Я не остановившись, уже дошел до двери и потянул ее на себя, когда он взмолился:
- Да стой же тебе говорю! Пожалуйста!
Я повернулся к нему и вопросительно посмотрел на его злое, скорее на самого себя лицо.
- Сядь. Я тебя прошу. Я ведь не знал. Я ведь, правда, не знал! Мне уже здесь рассказал этот урод, что с тобой ТАМ было. Я то думал, что они тебя выпустили, чтобы меня поймать. Чтобы со мной разделаться. Ведь только я и Кира остались на свободе. Она была беременная тогда уже и ее условно осудили. А я за побег после задержания… Мне даже альтернативная не светила.

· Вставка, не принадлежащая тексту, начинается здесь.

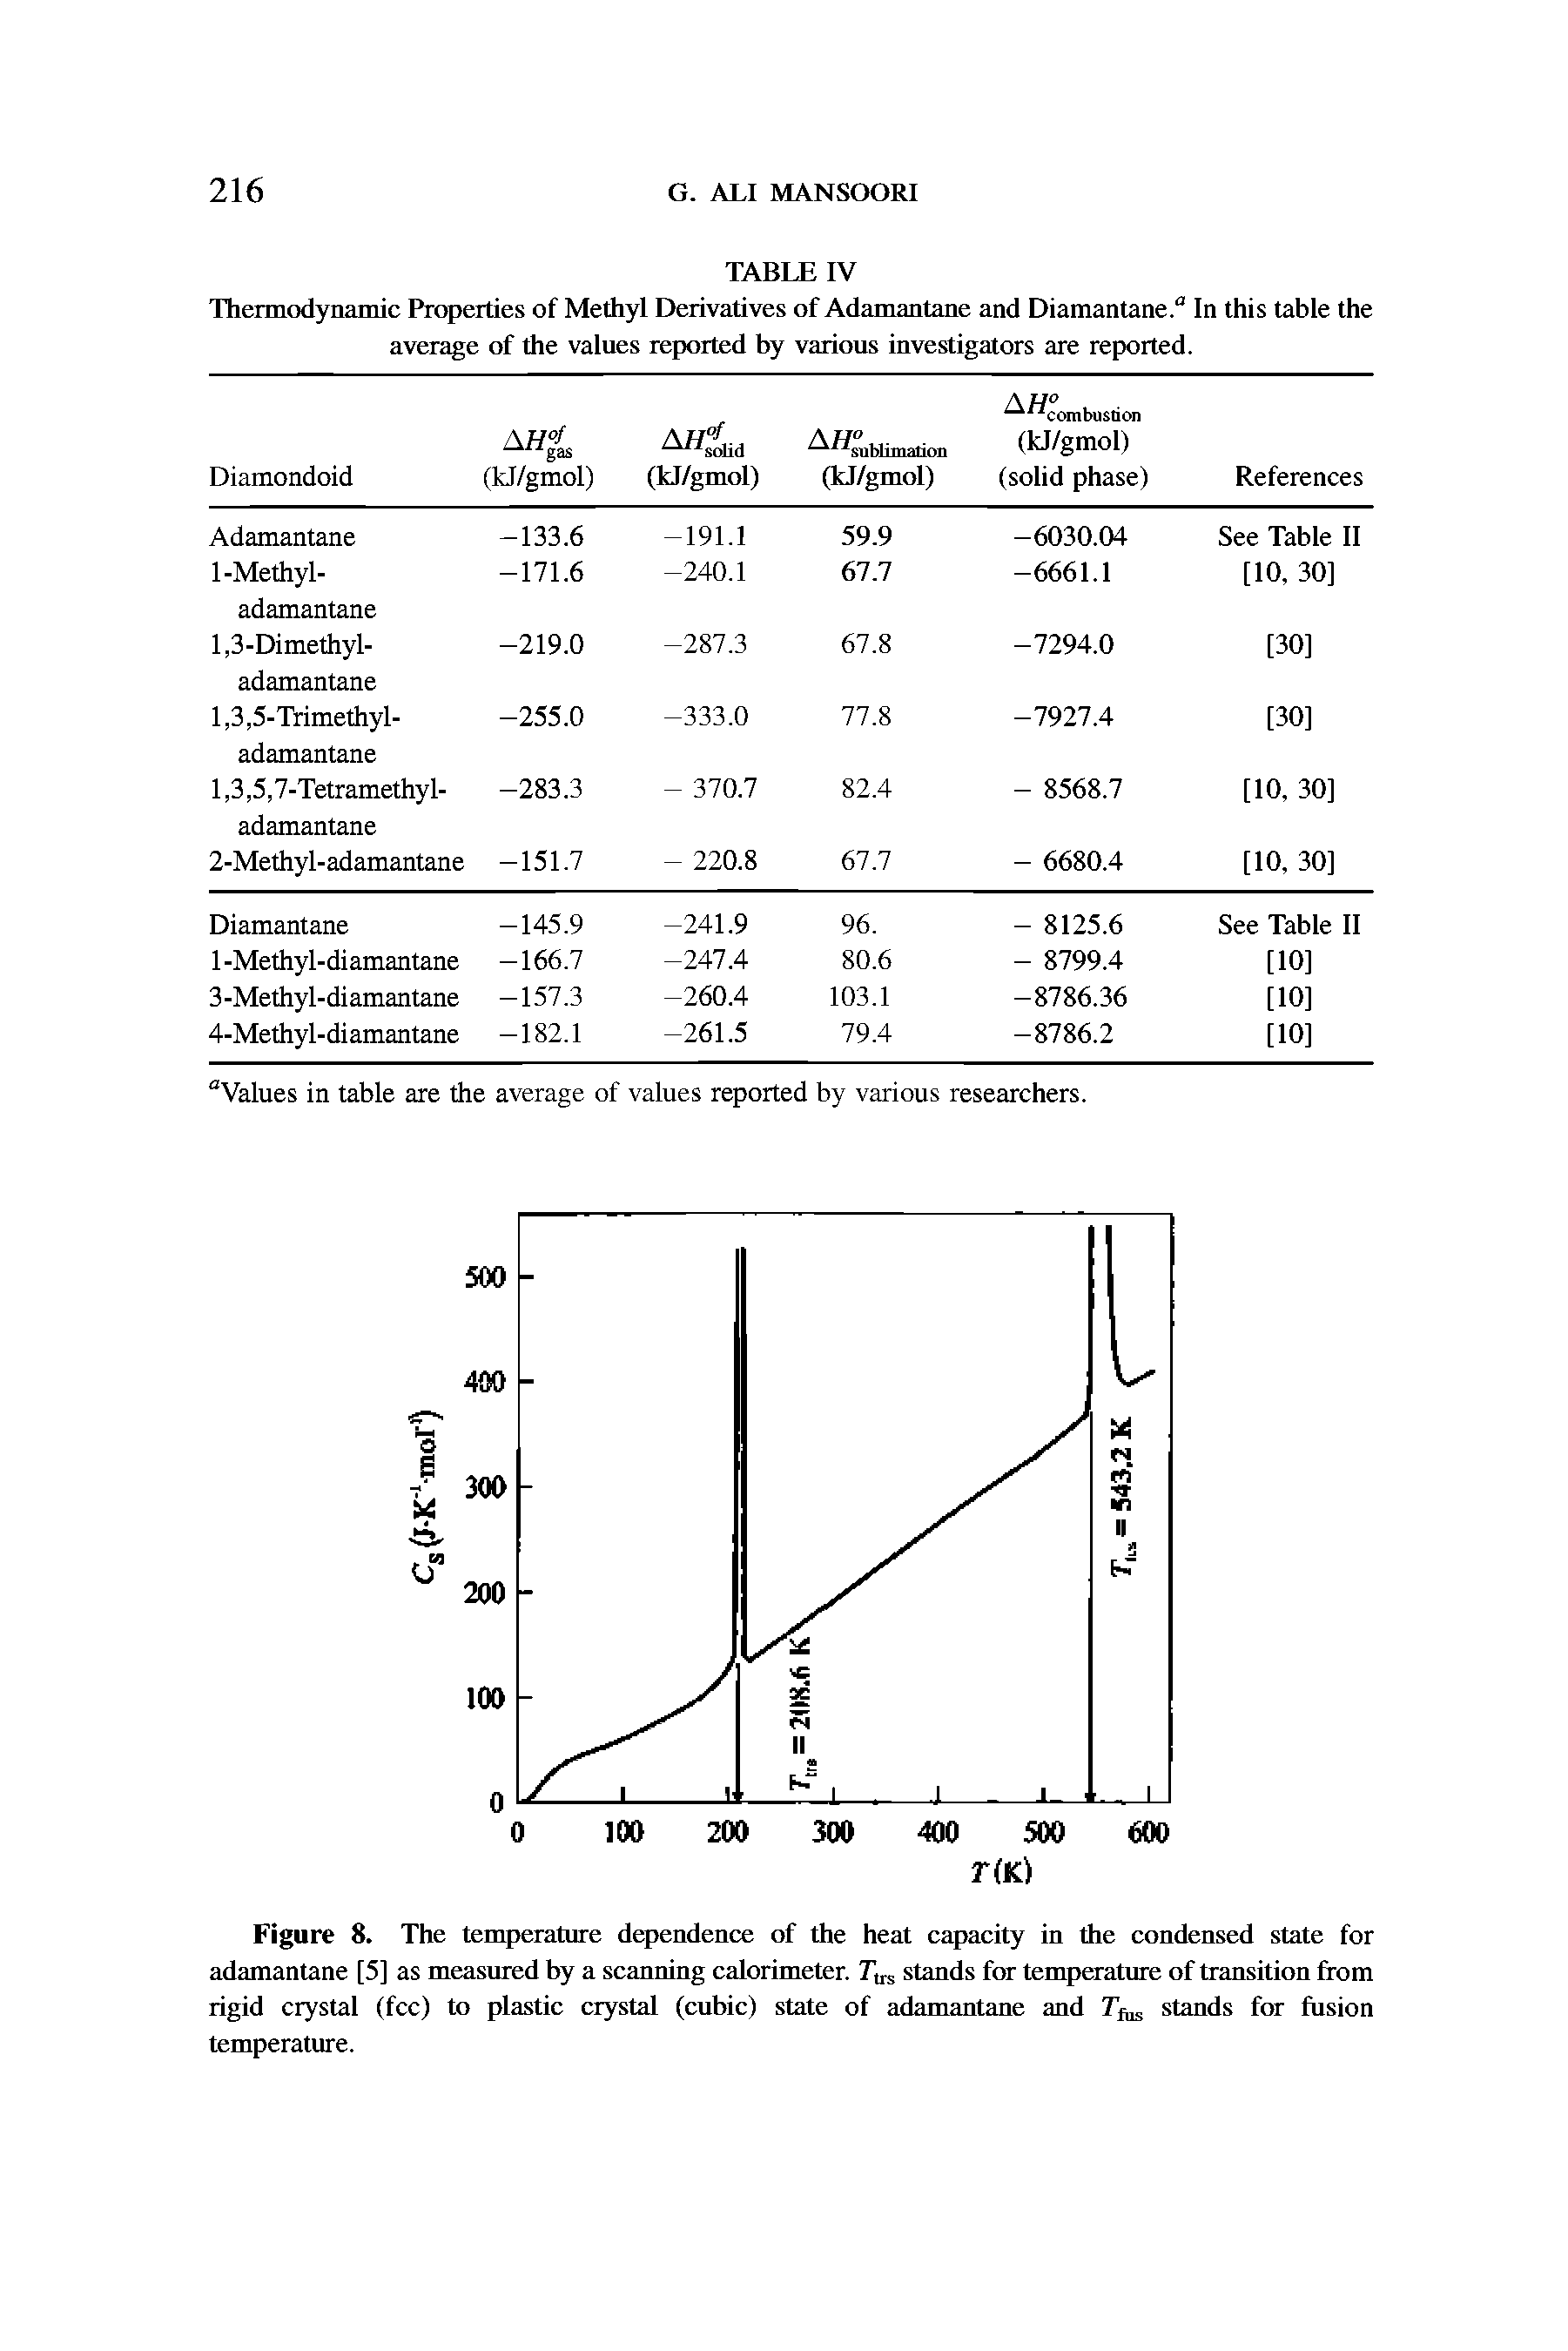 Figure 8. The temperature dependence of the heat capacity in the condensed state for adamantane [5] as measured by a scanning calorimeter. Tu, stands for temperature of transition from rigid crystal (fee) to plastic crystal (cubic) state of adamantane and Tfas stands for fusion temperature.

Он замолчал, глядя, как я закрыл дверь и возвращаюсь в кресло напротив него. Я вдруг улыбнулся внутри себя. Ведь именно он меня учил когда-то ничего и никому лишнего не говорить. И даже на допросах отвечать только то, что спрашивают. Самому ни слова лишнего. Игнорировать все эти «расскажите пожалуйста», «а как вы думаете?», «что вы знаете о…». Спросят конкретно - ответь. Если спрашивают расплывчато, не ленись, уточни: «в смысле?», «что вы имеете в виду?», «а что конкретно вас интересует?». И никогда никому и ничего сам не говори. Все провалы от болтливости. Я ни тогда, ни сейчас не понимал, относилось ли это к общению со следователям или он имел в виду абсолютно всех и друзей в том числе.
Когда я сел он, разглядывая мое лицо и стараясь не пересекаться взглядами, сказал:
- Я когда там тебя увидел, подумал… ну, я уже сказал, что я подумал… я так разозлился. Просто что-то накатило. Надо было просто бежать. Но я два года водил этих ублюдков за нос и вот они меня вычислили. Да еще где… В больничке куда я еле пролез обходя камеры. Не просто вычислили, а еще и тебя натравили… я… не знал, что думать и что делать. Я понимал, что если они тебя послали меня задержать, то мне надо просто избавиться от тебя. Чтобы другим неповадно было. Мало ли кого они еще уговорят помочь меня поймать. Он уже смотрел в сторону, но все, накручивая себя, продолжал:
- Я только потом понял, какую глупость совершил… Я уже однажды убивал. Когда сбегал. Но тогда я был вынужден. Понимаешь вынужден… А теперь я чуть не убил тебя, просто перетрусив. Я так устал уже бегать. Я, знаешь, зачем туда пришел? Я хотел как они… Как Виталик, Ольга и Серега. Помнишь их? Угу… - кивнул он видя мое удивление на лице: - Они спрыгнули, чтобы больше не участвовать в этом кошмаре. Чтобы не думать, что за ними даже в ванной следят. Чтобы сбежать из под вездесущих камер наблюдения. Чтобы очутится в лучшем мире…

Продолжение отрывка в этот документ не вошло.